__WHAT TO PRODUCE__
Retype the whole listing below exactly, keeping every picture out of it.

__GIVEN MATERIAL__
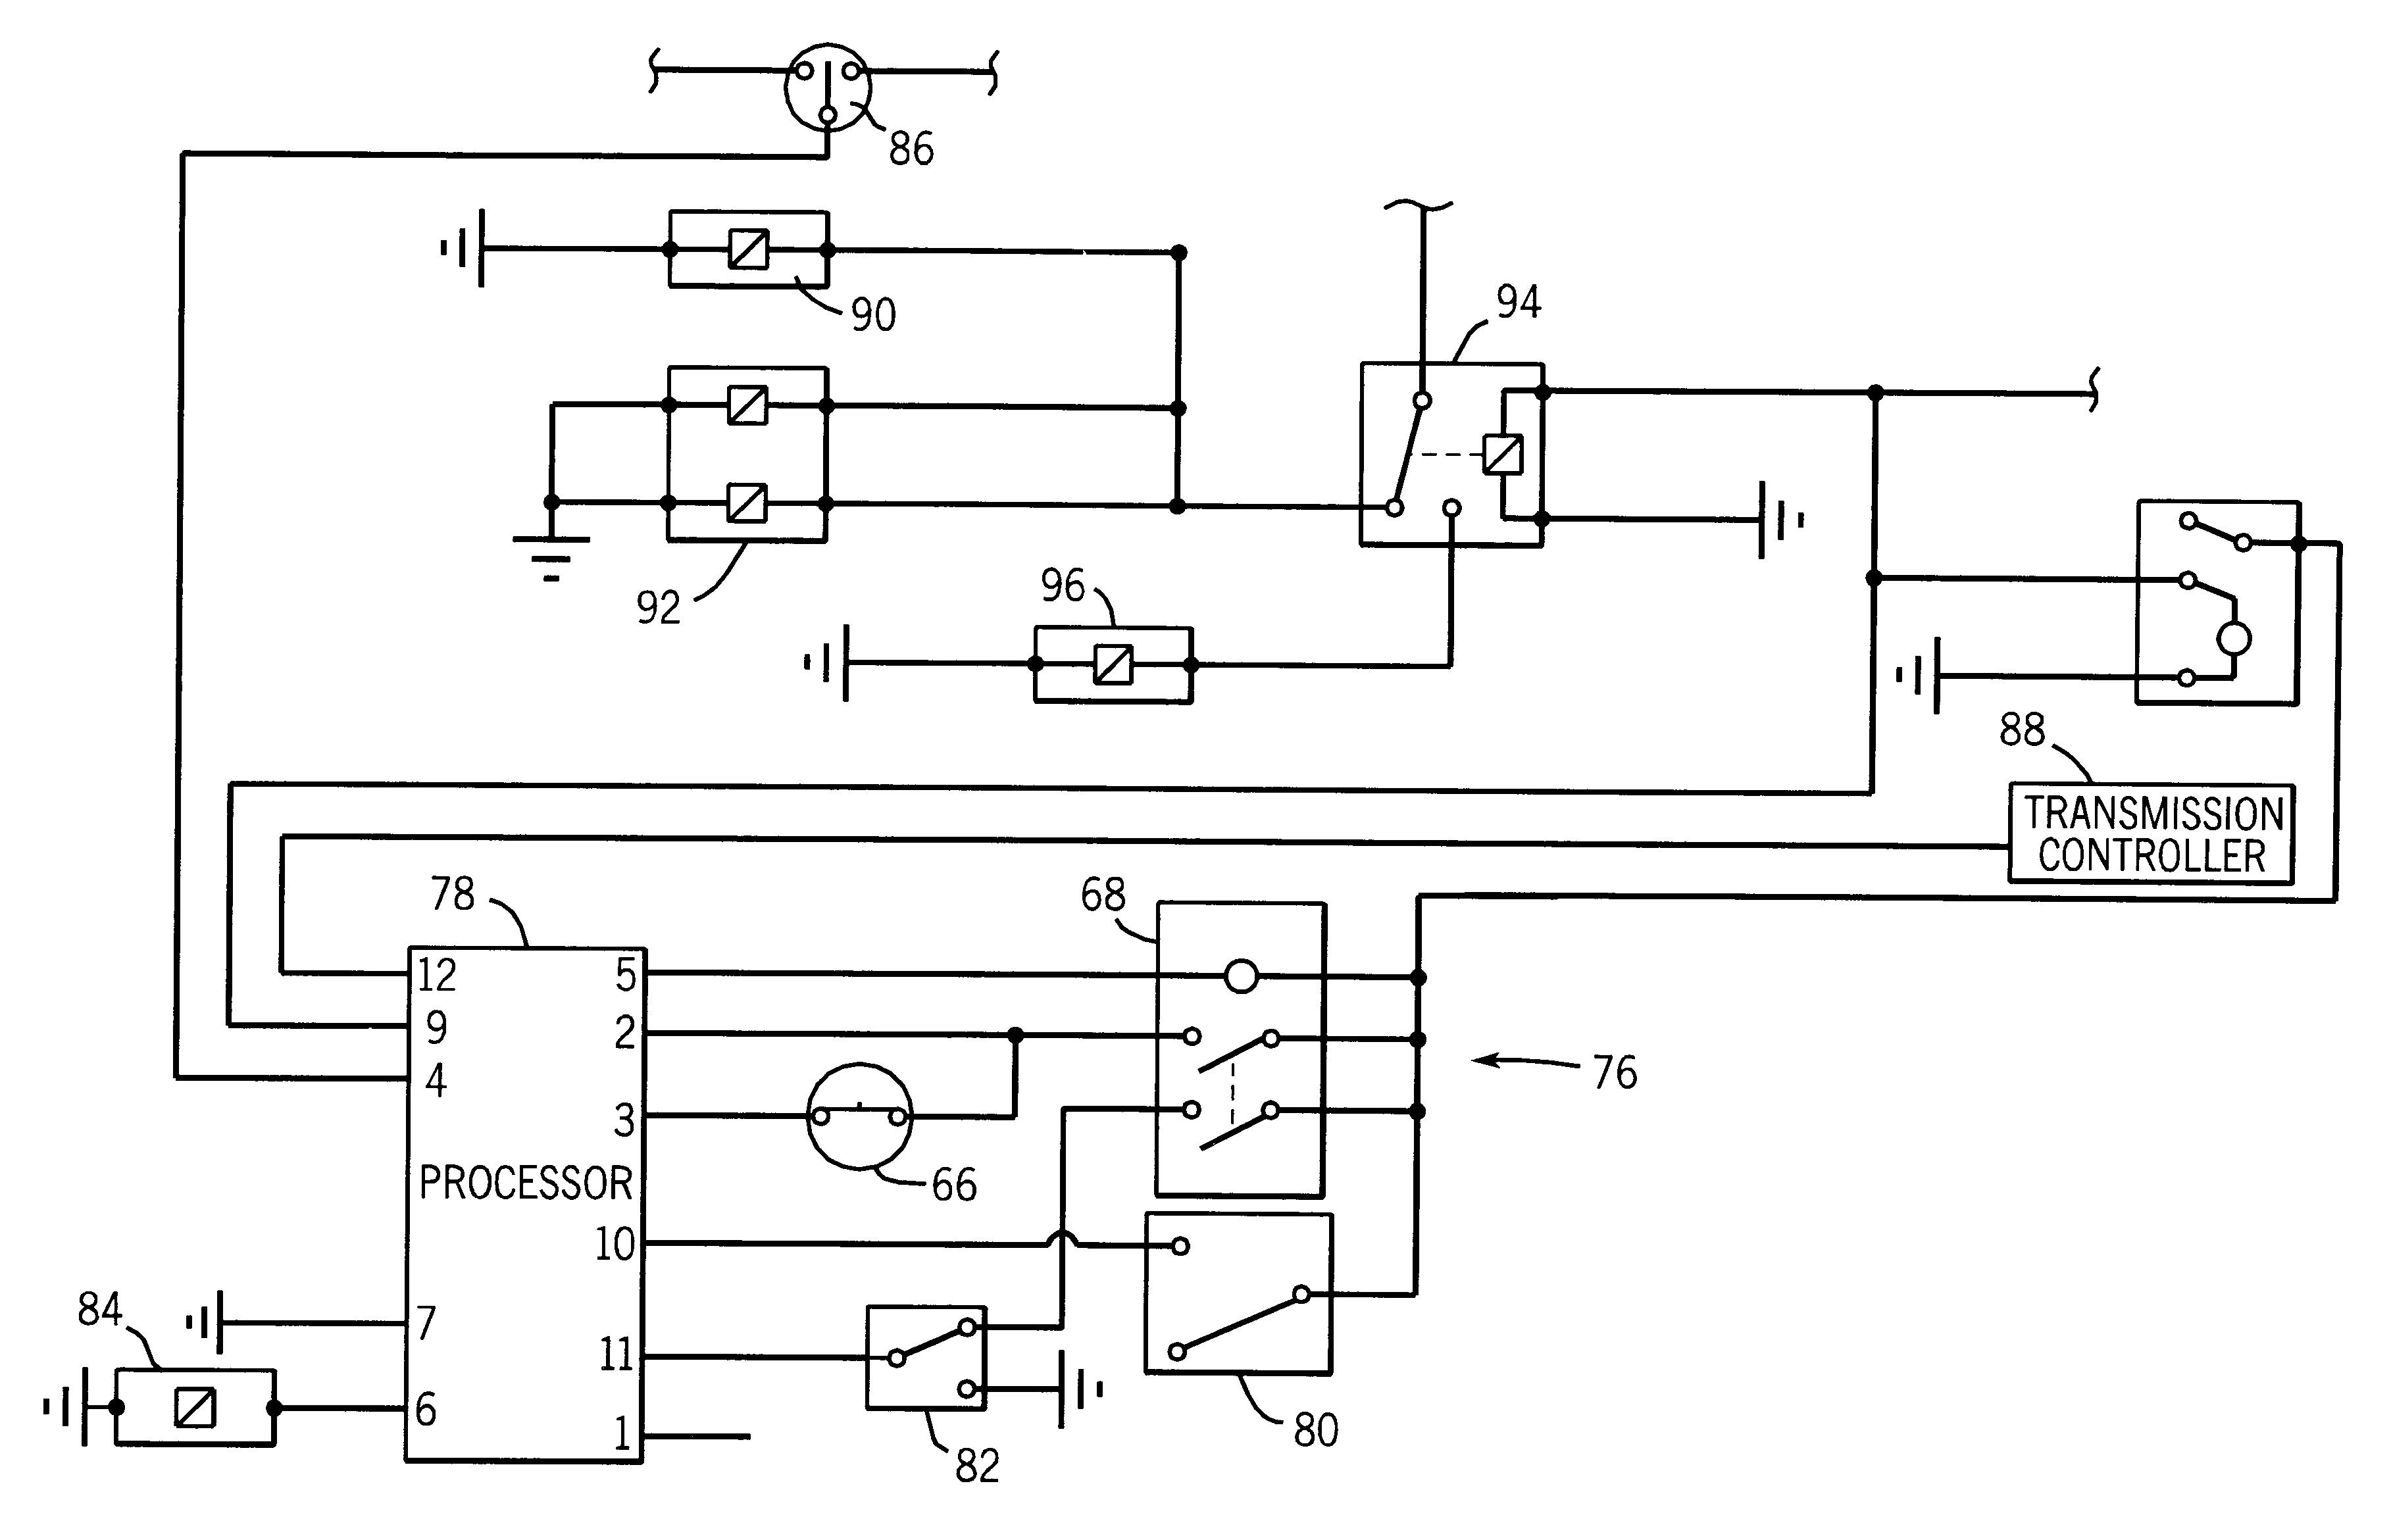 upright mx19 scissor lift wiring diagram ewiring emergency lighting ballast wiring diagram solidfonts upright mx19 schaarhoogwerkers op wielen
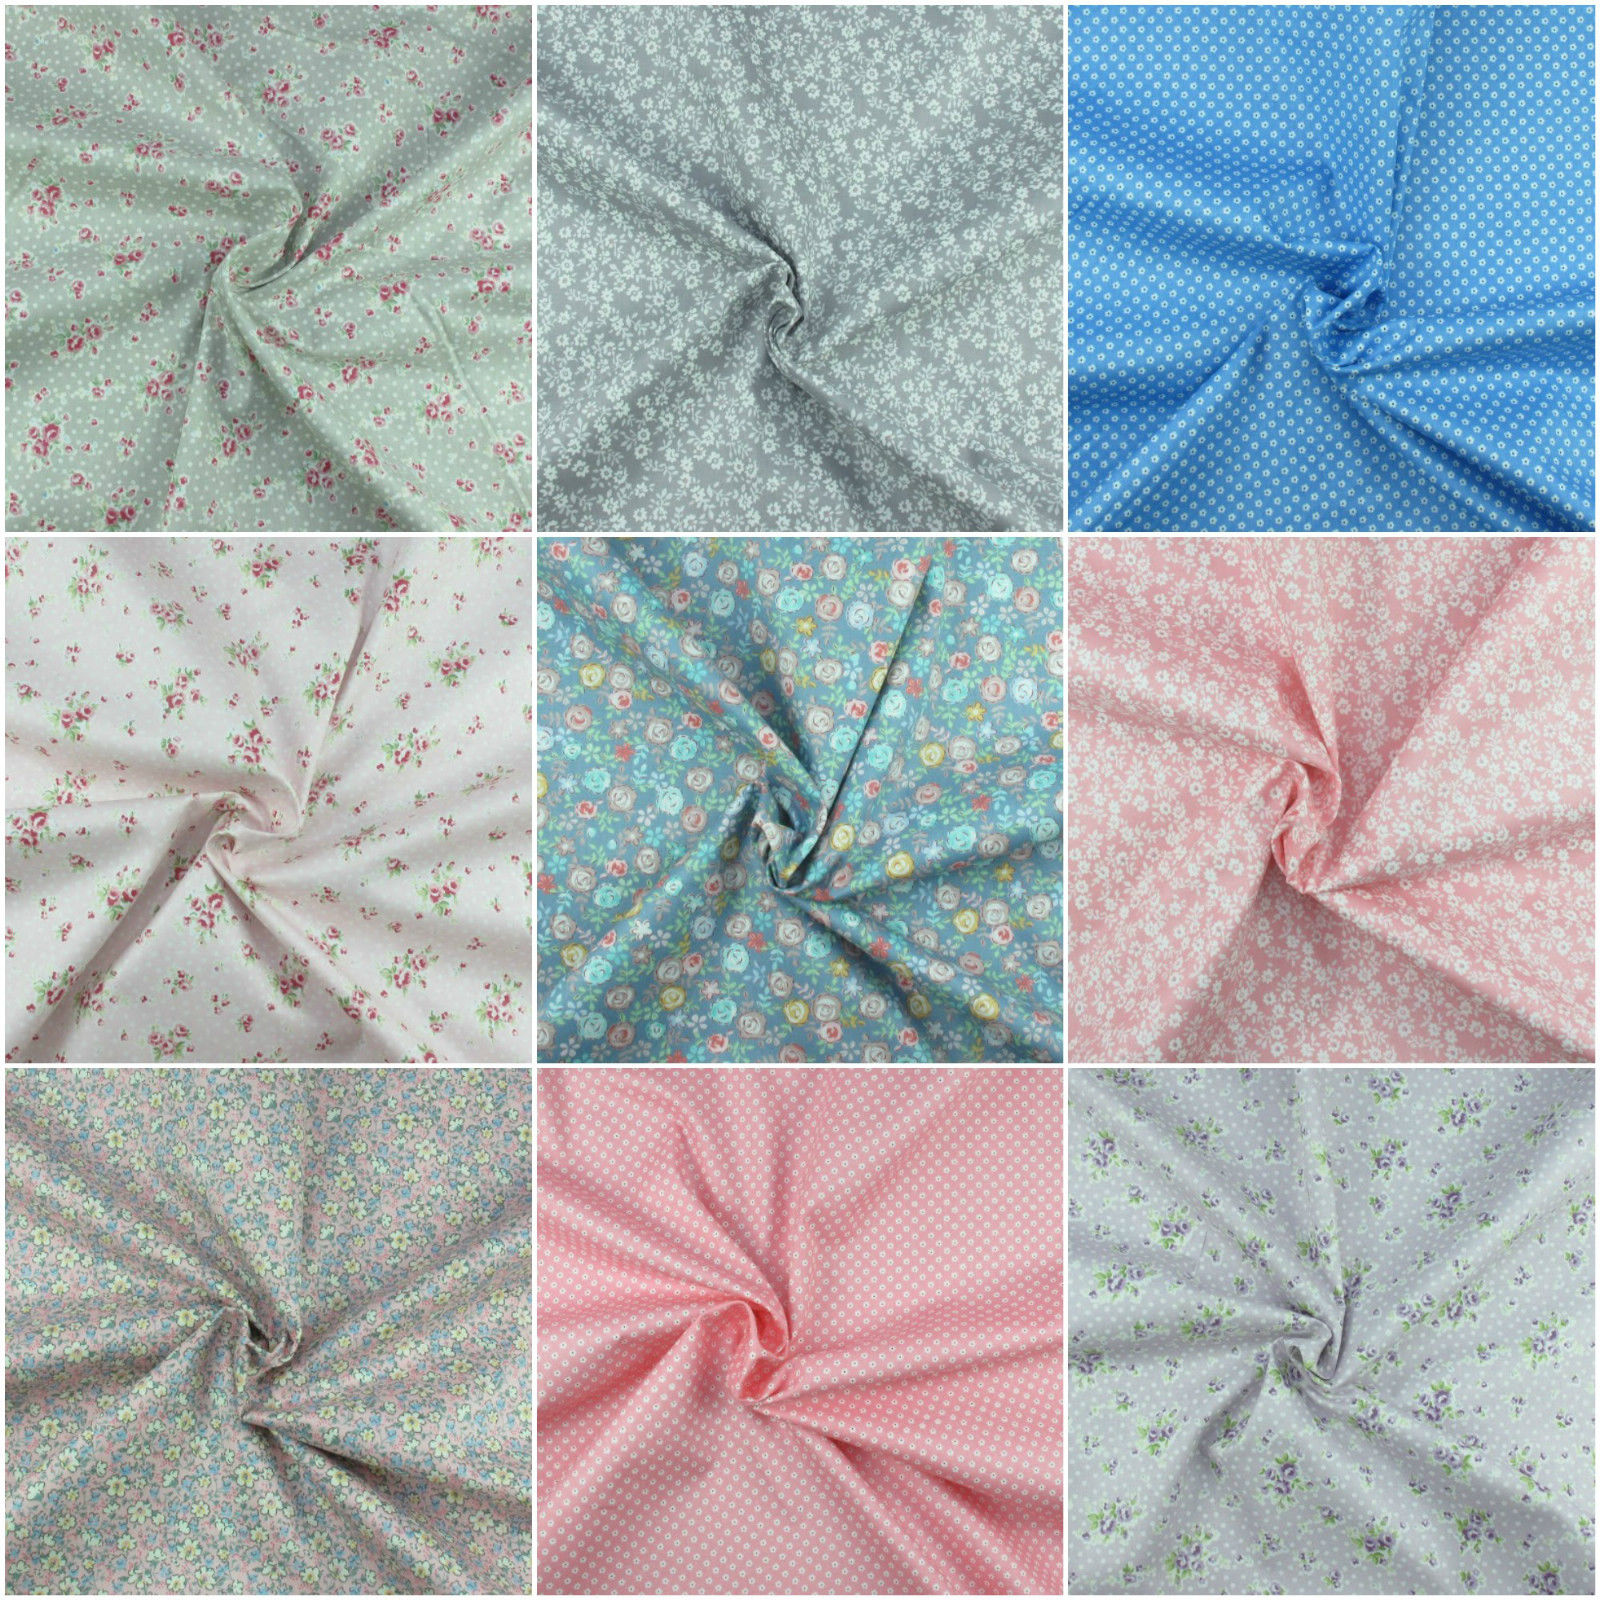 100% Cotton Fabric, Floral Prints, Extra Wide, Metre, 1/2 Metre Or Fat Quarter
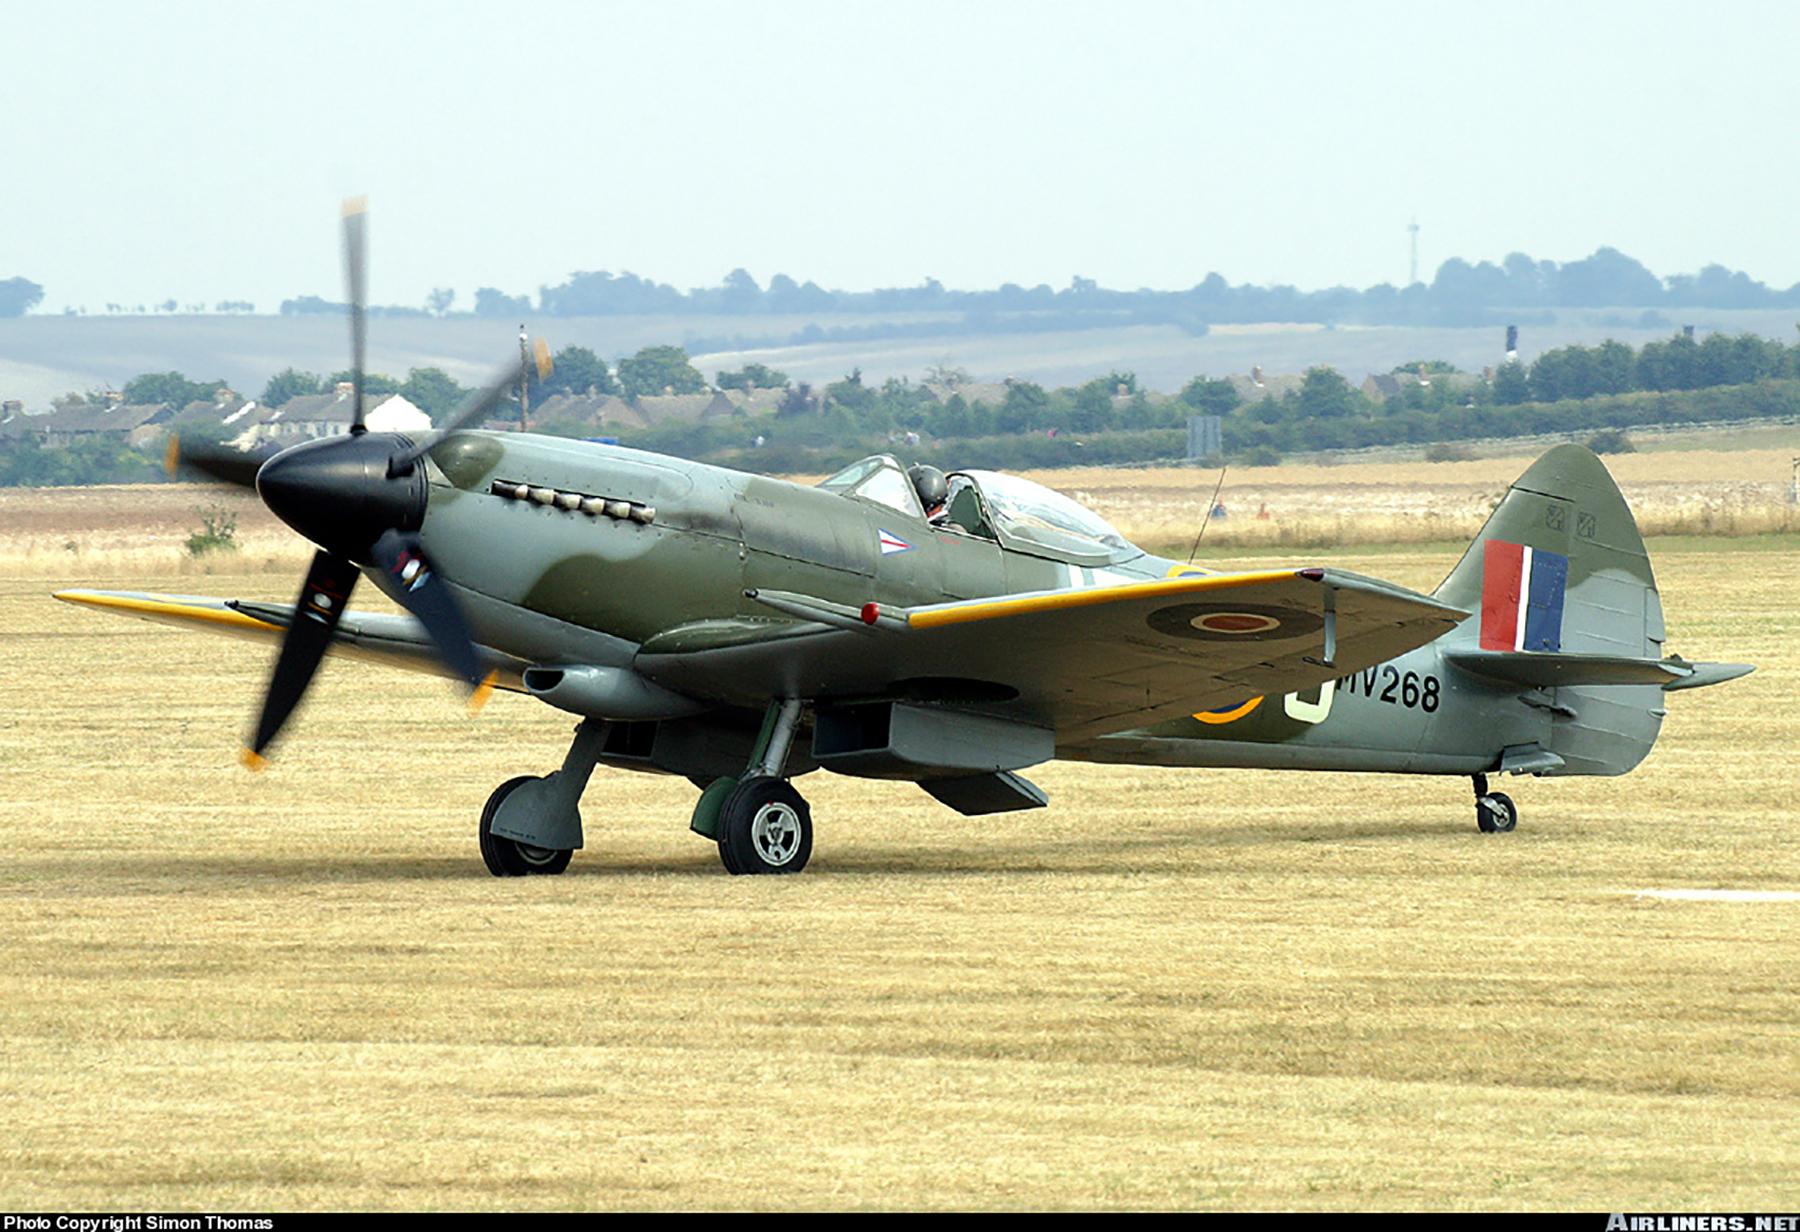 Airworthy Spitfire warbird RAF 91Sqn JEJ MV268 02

__ANSWER BOX__
 upright mx19 scissor lift wiring diagram ewiring emergency lighting ballast wiring diagram solidfonts upright mx19 schaarhoogwerkers op wielen
 100% Cotton Fabric, Floral Prints, Extra Wide, Metre, 1/2 Metre Or Fat Quarter
 Airworthy Spitfire warbird RAF 91Sqn JEJ MV268 02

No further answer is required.